Wednesday, 21 March 2012

London’s Energy Future

The London’s Energy Future Symposium took place on 19 March at UCL. The event was the first in a series organised by London 2062. This is a project under the UCL Grand Challenge Grants Scheme which looks at the long term future of London across a number of issues by bringing together a range of leading academics and practitioners. Speakers included Paul Ekins and Bob Lowe of the UCL Energy Institute, Peter North of GLA and Bob Fiddik from the London Borough of Croydon. Among the many issues discussed that day few are listed below:
· Current policy challenges including the price of energy (i.e. low-carbon energy is currently more expensive than high-carbon energy); energy efficiency in buildings (measuring building performance, building industry skills, building valuation and motivating/ regulating
household reduction/ consumption); and incentivising investment (via the electricity market reform, Green Deal loans and Green Investment Bank).

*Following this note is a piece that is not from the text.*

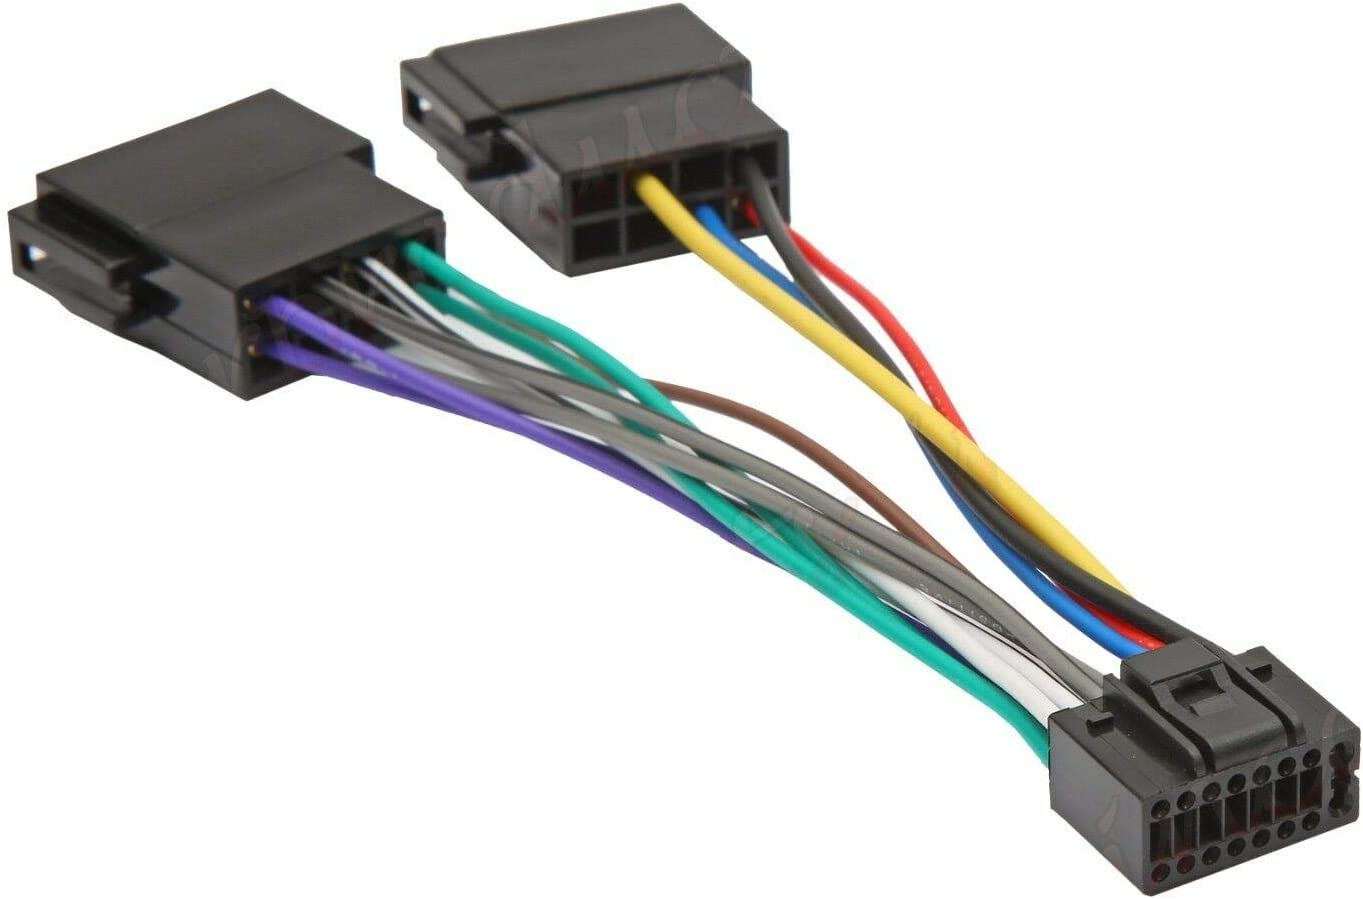 JVC 13 Pin Wiring Harness JVC Car Stereo Wiring HarnessPepa Bonett

· GLA’s policy is that London is moving towards district heating! GLA has already produced a series of ‘heat maps (see http://www.londonheatmap.co.uk/) and is drawing up at the moment an ‘Energy Master Plan’.
· ‘Lessons’ from other countries show us that the UK needs to move towards more ‘collective thinking’ which is, however, deeply counter cultural in this country; and de-risking legislation for the energy market
· Who should design energy systems and energy policy? Economists and engineers, alongside policy makers, not only policy makers as done over the last 10 years!
· For the scale of envisaged change to happen we need to built a ‘community of practice’, continuous and coherent policy support, and include economics and engineer ‘literates’ in policy processes.
This was an interesting discussion, loaded with economic and technical stuff! However, the role that institutions and people might play in this transition has been little touched upon!